TCP_QUICKACK disables the default delayed ACK timer. This is ~40ms in linux (not sure about windows). The thing is, TCP_QUICKACK is reset when you send or receive on the socket, so it needs reenabling each time. Also, TCP_QUICKACK doesn't seem to be available in windows.
Here's a comment by John Nagle himself that some may find useful: https://news.ycombinator.com/item?id=10608356
"That still irks me. The real problem is not tinygram prevention. It's ACK delays, and that stupid fixed timer. They both went into TCP around the same time, but independently. I did tinygram prevention (the Nagle algorithm) and Berkeley did delayed ACKs, both in the early 1980s. The combination of the two is awful. Unfortunately by the time I found about delayed ACKs, I had changed jobs, was out of networking, and doing a product for Autodesk on non-networked PCs. Delayed ACKs are a win only in certain circumstances - mostly character echo for Telnet. (When Berkeley installed delayed ACKs, they were doing a lot of Telnet from terminal concentrators in student terminal rooms to host VAX machines doing the work. For that particular situation, it made sense.) The delayed ACK timer is scaled to expected human response time. A delayed ACK is a bet that the other end will reply to what you just sent almost immediately. Except for some RPC protocols, this is unlikely. So the ACK delay mechanism loses the bet, over and over, delaying the ACK, waiting for a packet on which the ACK can be piggybacked, not getting it, and then sending the ACK, delayed. There's nothing in TCP to automatically turn this off. However, Linux (and I think Windows) now have a TCP_QUICKACK socket option. Turn that on unless you have a very unusual application.

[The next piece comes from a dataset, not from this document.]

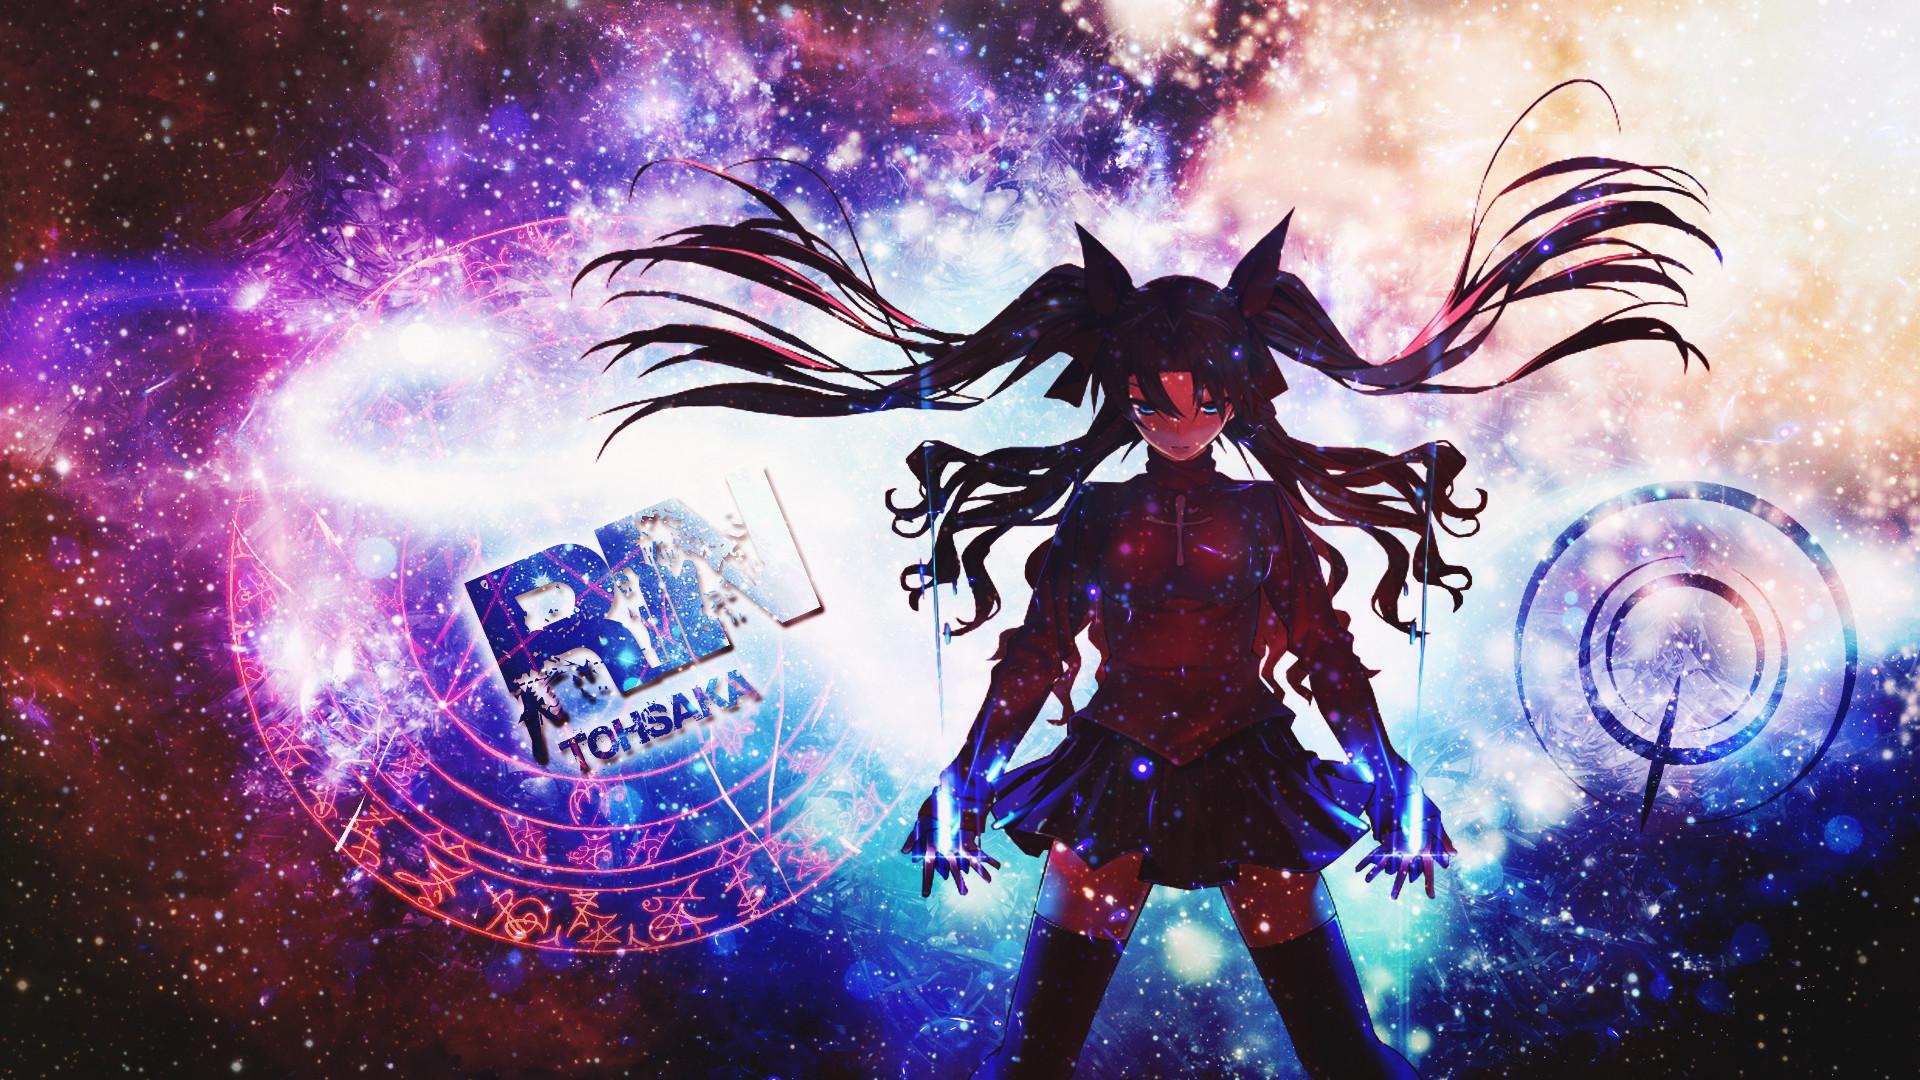 75 Fate Stay Night Wallpaper Hd

"Turning on TCP_NODELAY has similar effects, but can make throughput worse for small writes. If you write a loop which sends just a few bytes (worst case, one byte) to a socket with "write()", and the Nagle algorithm is disabled with TCP_NODELAY, each write becomes one IP packet. This increases traffic by a factor of 40, with IP and TCP headers for each payload. Tinygram prevention won't let you send a second packet if you have one in flight, unless you have enough data to fill the maximum sized packet. It accumulates bytes for one round trip time, then sends everything in the queue. That's almost always what you want. If you have TCP_NODELAY set, you need to be much more aware of buffering and flushing issues.
"None of this matters for bulk one-way transfers, which is most HTTP today. (I've never looked at the impact of this on the SSL handshake, where it might matter.)
"Short version: set TCP_QUICKACK. If you find a case where that makes things worse, let me know.
John Nagle"